::: Data for this task :::

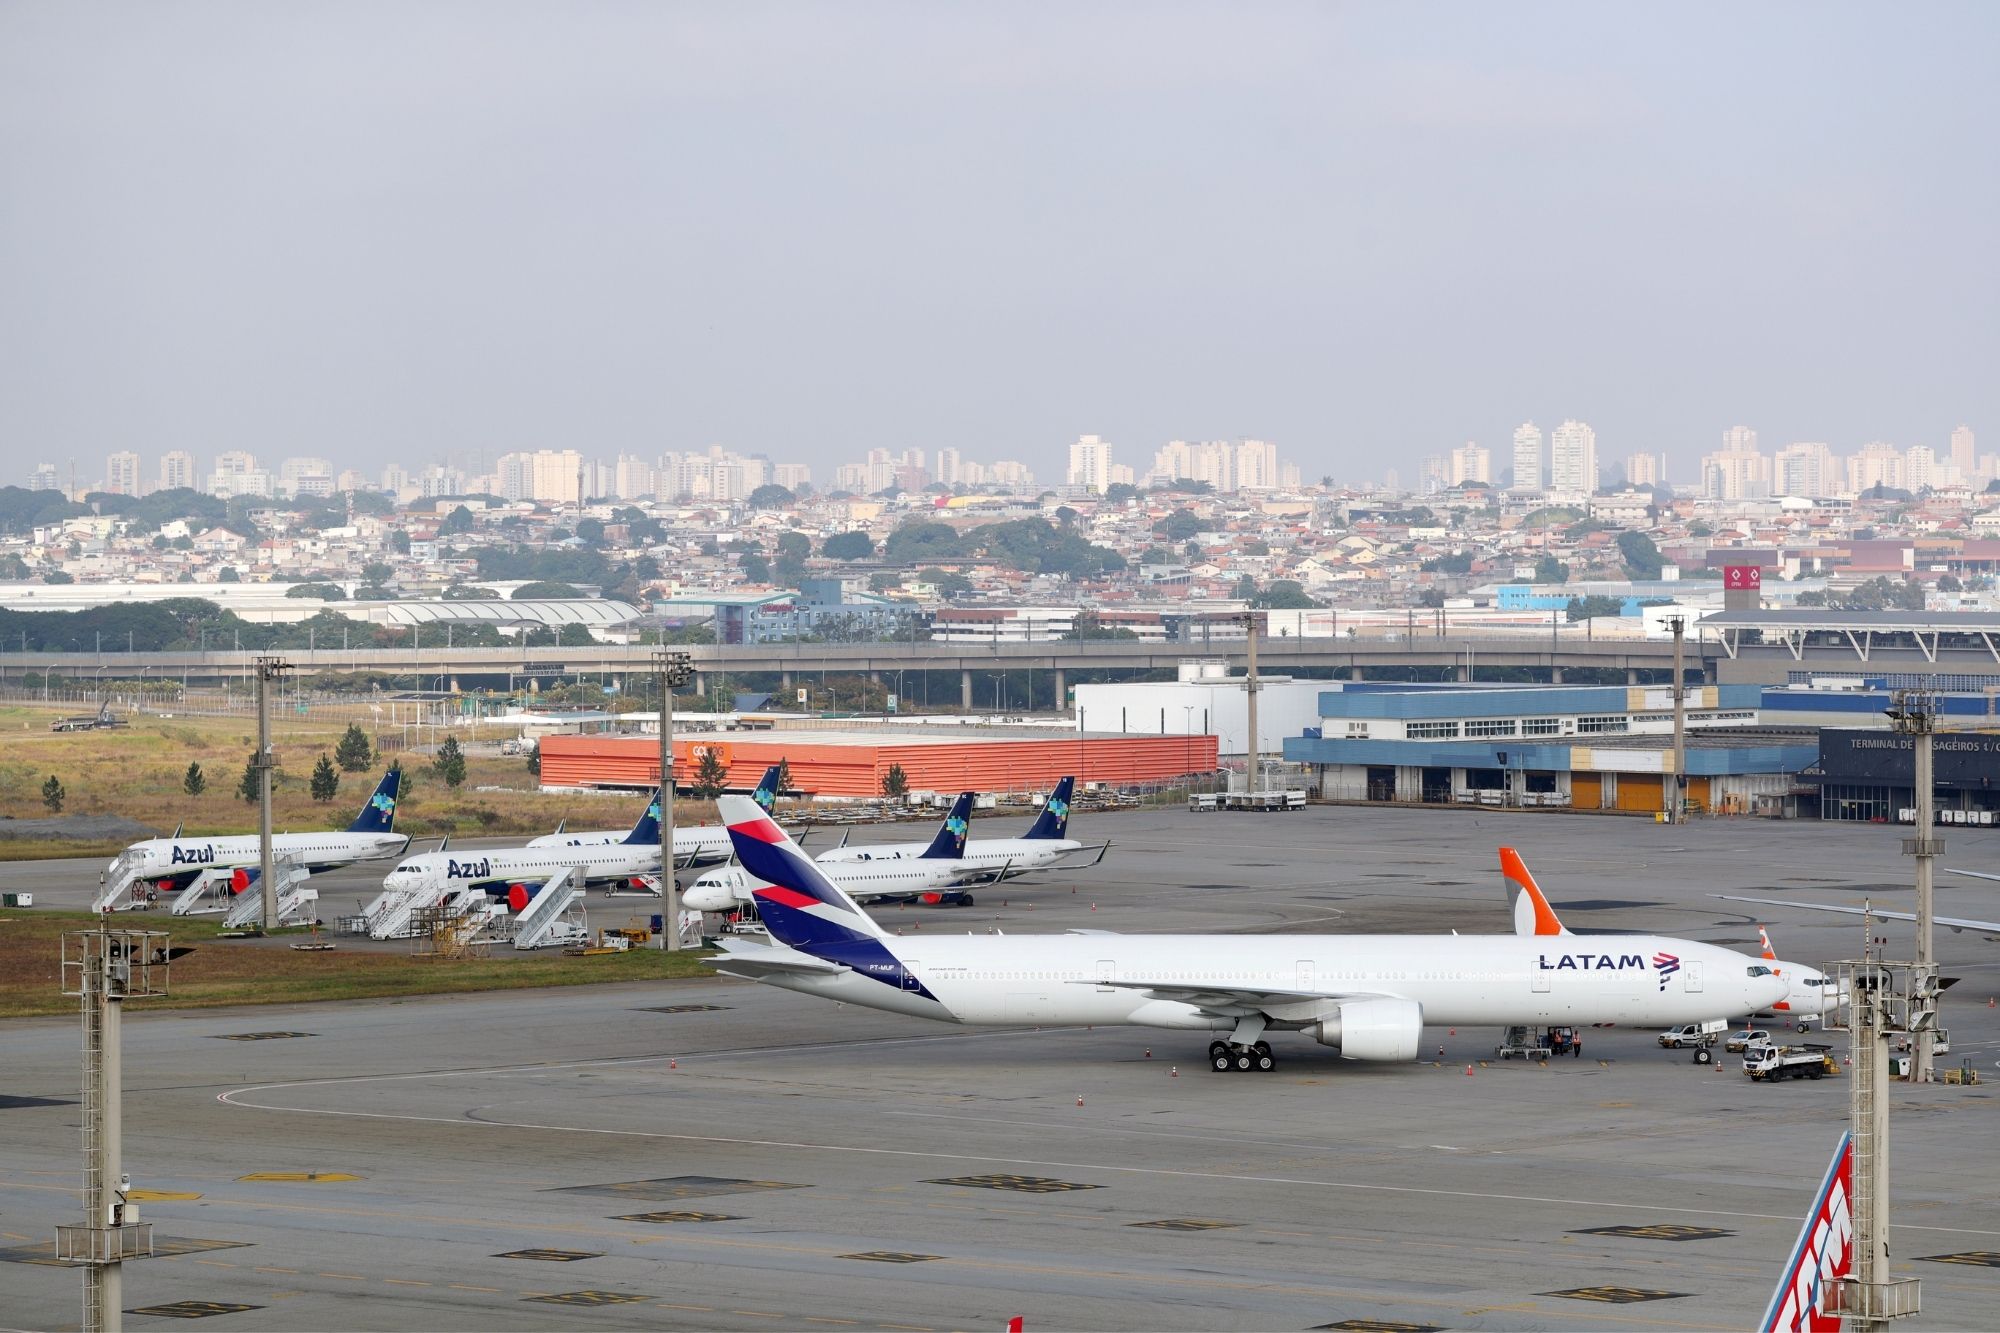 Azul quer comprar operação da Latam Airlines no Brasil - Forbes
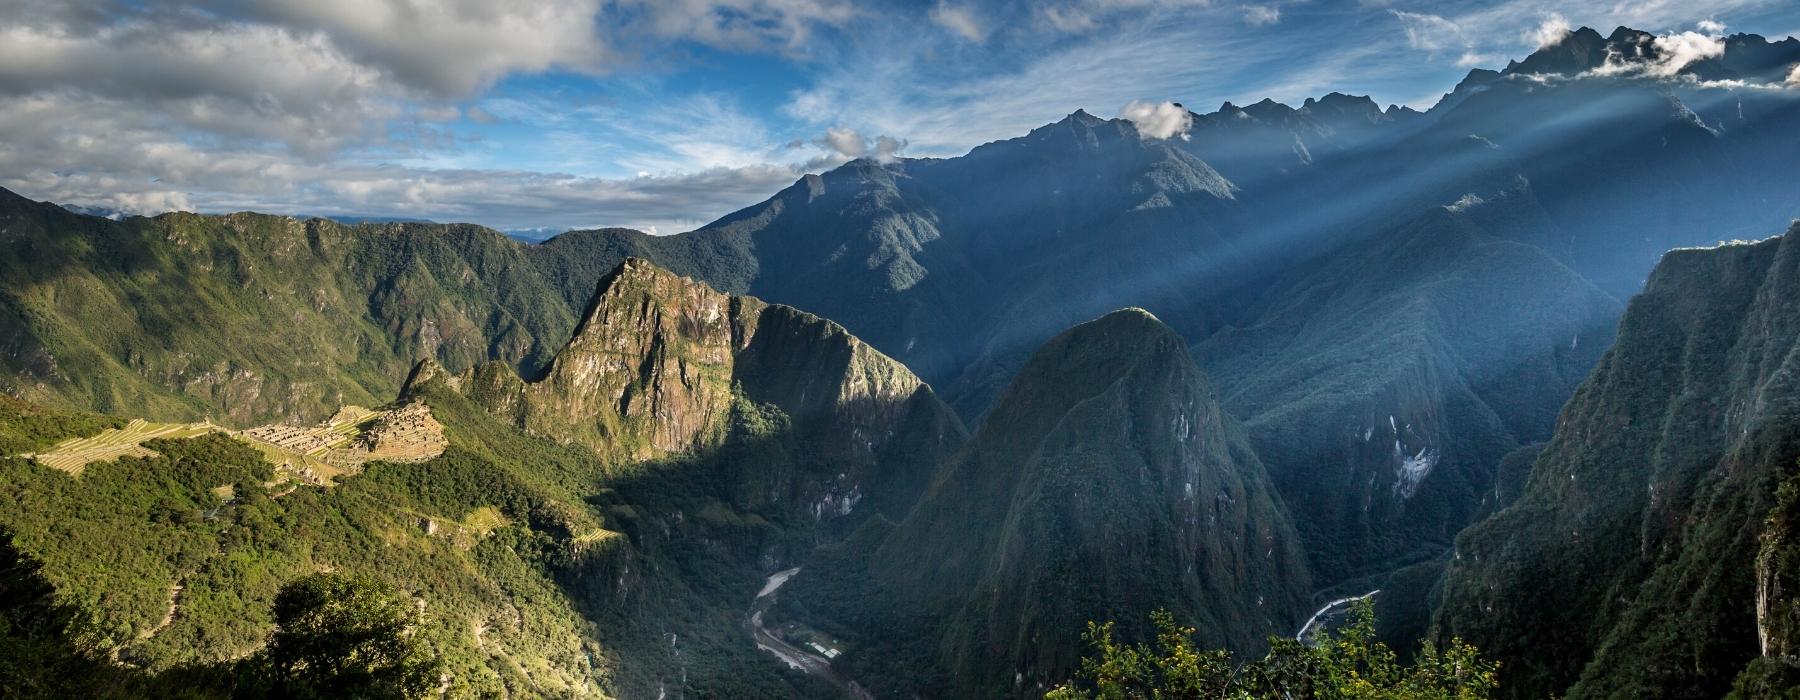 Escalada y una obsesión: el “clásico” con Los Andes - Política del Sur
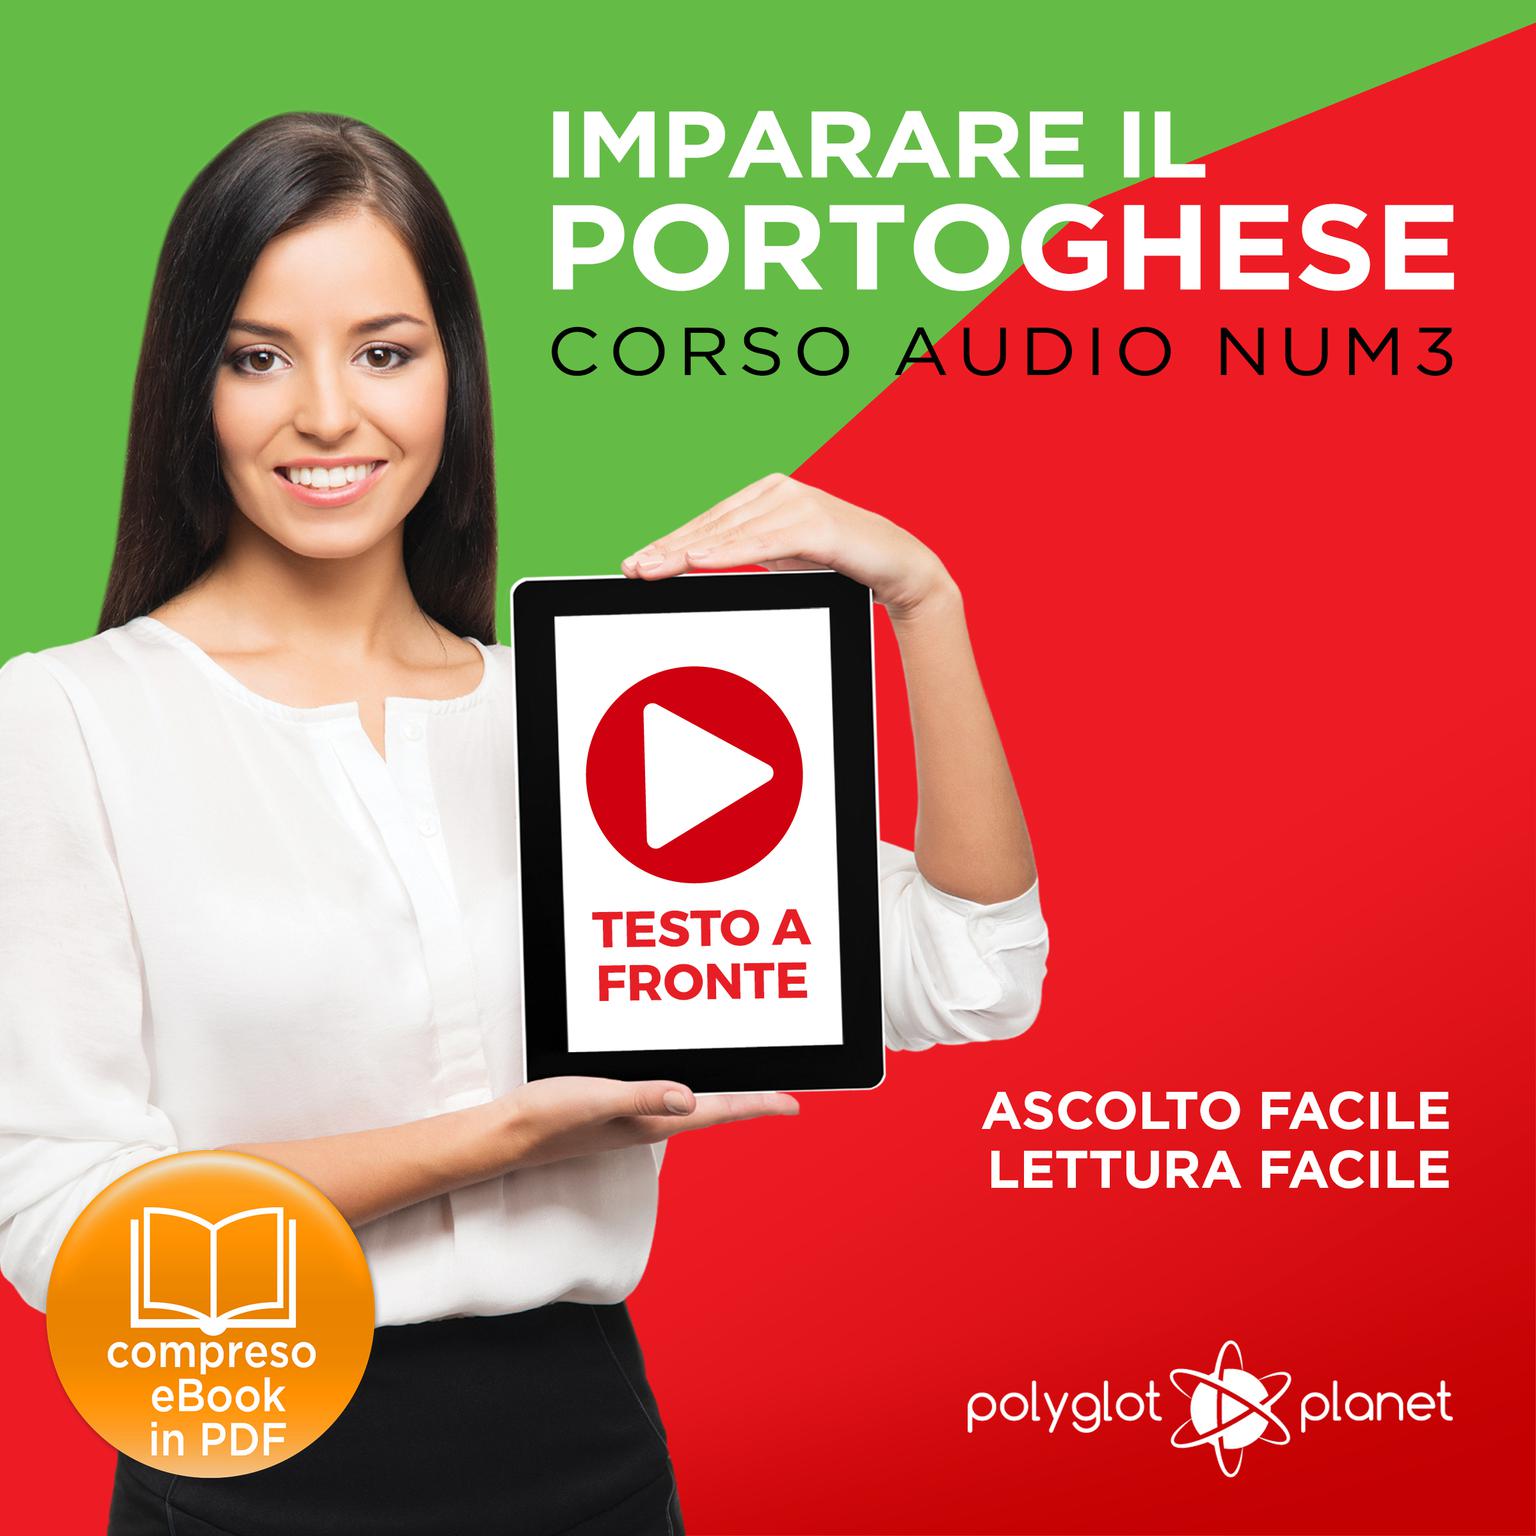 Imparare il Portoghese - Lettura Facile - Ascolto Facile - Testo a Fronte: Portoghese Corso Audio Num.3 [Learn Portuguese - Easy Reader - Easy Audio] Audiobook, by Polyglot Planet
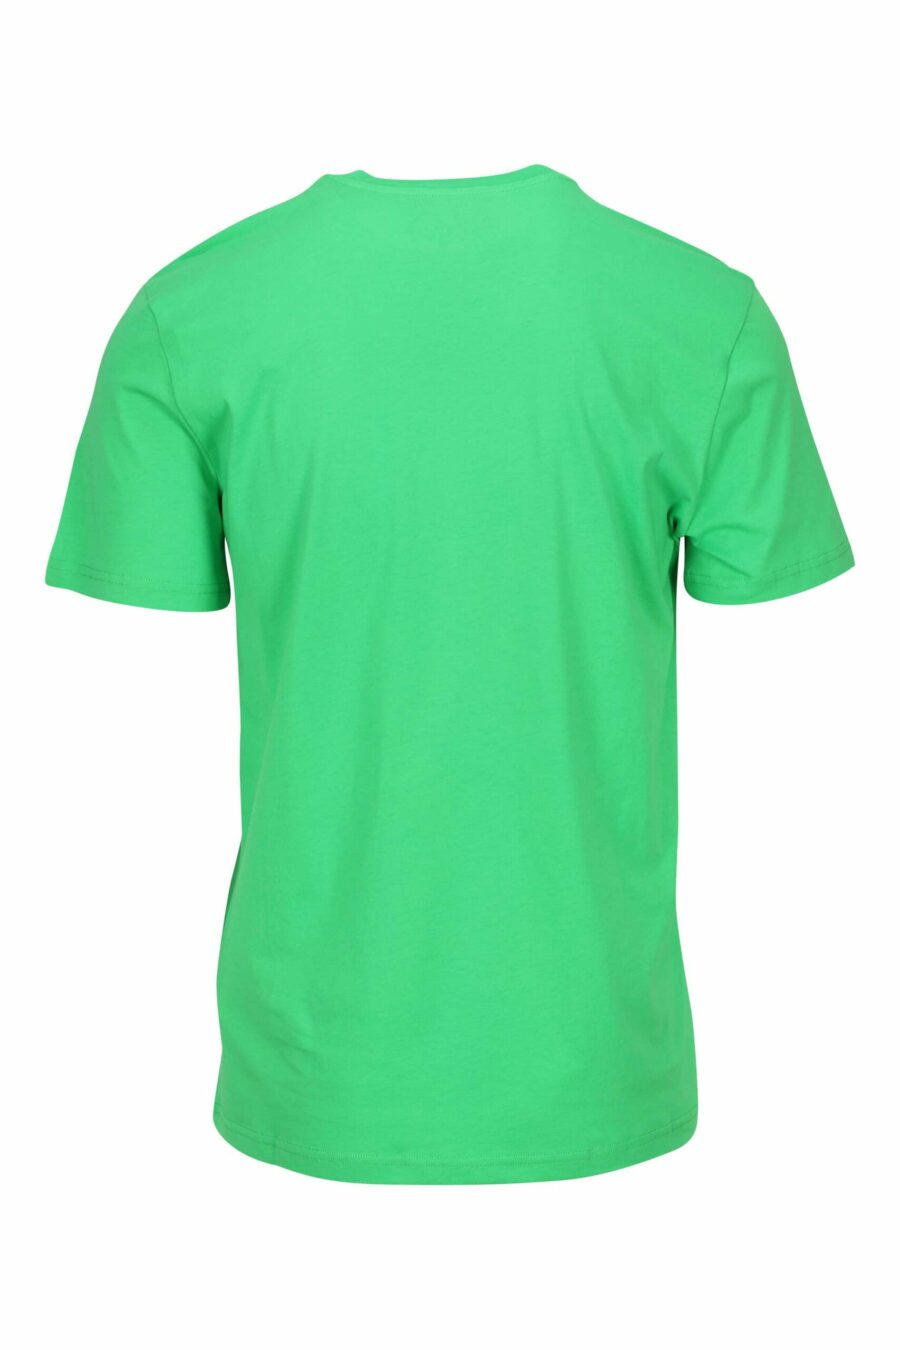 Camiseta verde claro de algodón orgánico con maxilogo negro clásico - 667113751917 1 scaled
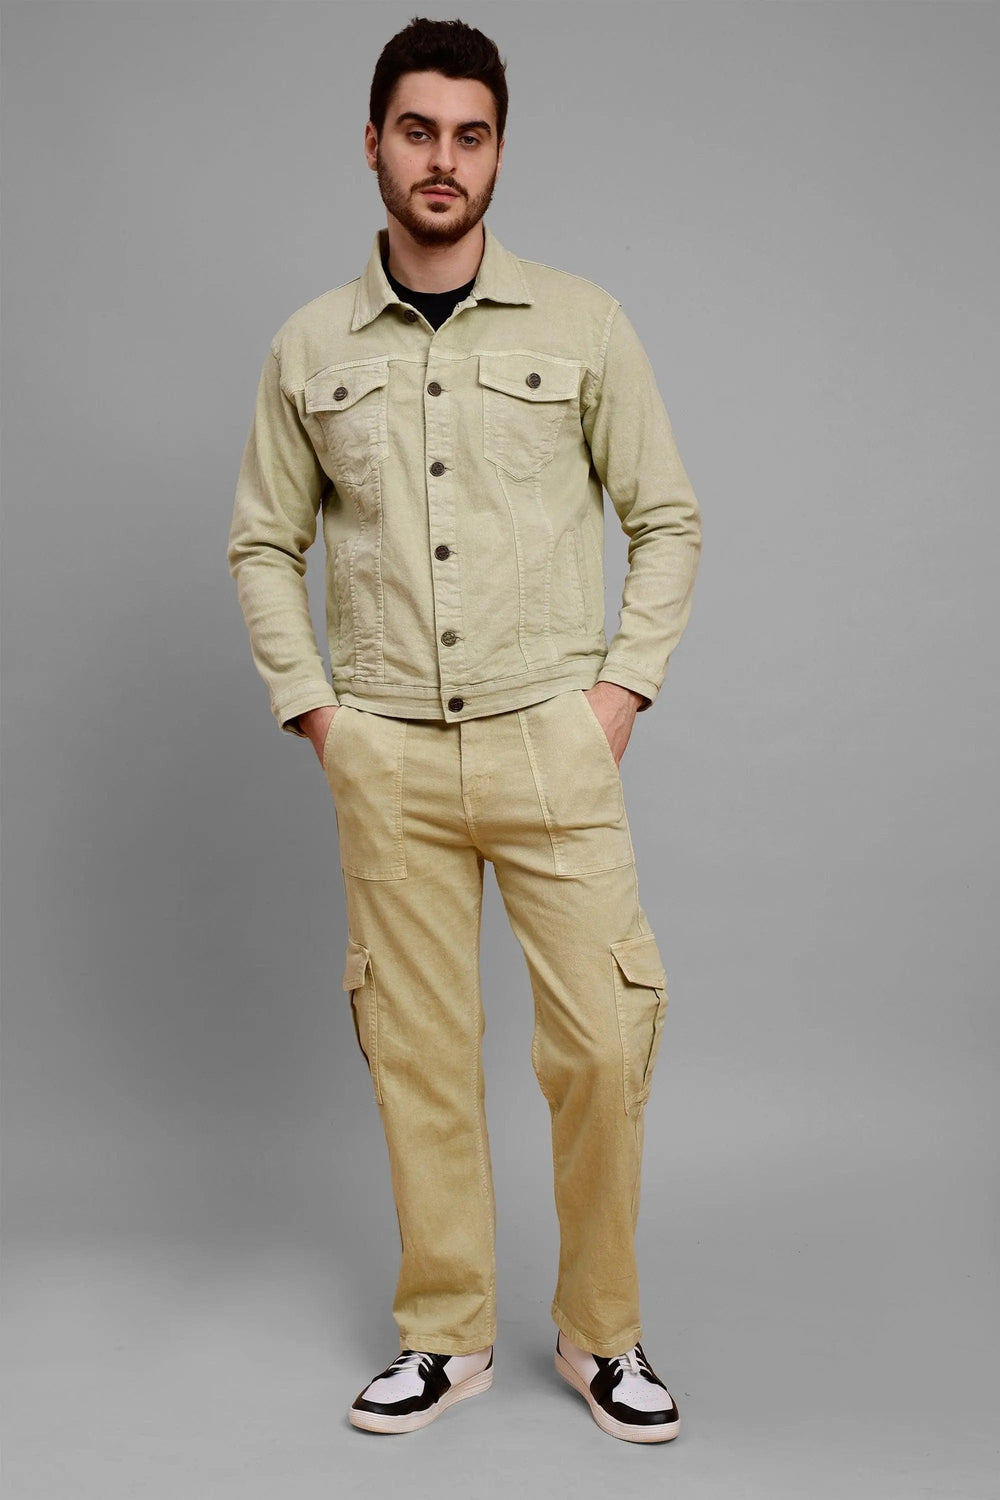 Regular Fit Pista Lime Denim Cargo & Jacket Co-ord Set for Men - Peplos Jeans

:::

Goal of the exercise:
All records above are to be repeated exactly, with the images left out.

Solution to the exercise:
 Azul quer comprar operação da Latam Airlines no Brasil - Forbes
 Escalada y una obsesión: el “clásico” con Los Andes - Política del Sur
 Imparare il Portoghese - Lettura Facile - Ascolto Facile - Testo a Fronte: Portoghese Corso Audio Num.3 [Learn Portuguese - Easy Reader - Easy Audio] Audiobook, by Polyglot Planet
 Camiseta verde claro de algodón orgánico con maxilogo negro clásico - 667113751917 1 scaled
 Regular Fit Pista Lime Denim Cargo & Jacket Co-ord Set for Men - Peplos Jeans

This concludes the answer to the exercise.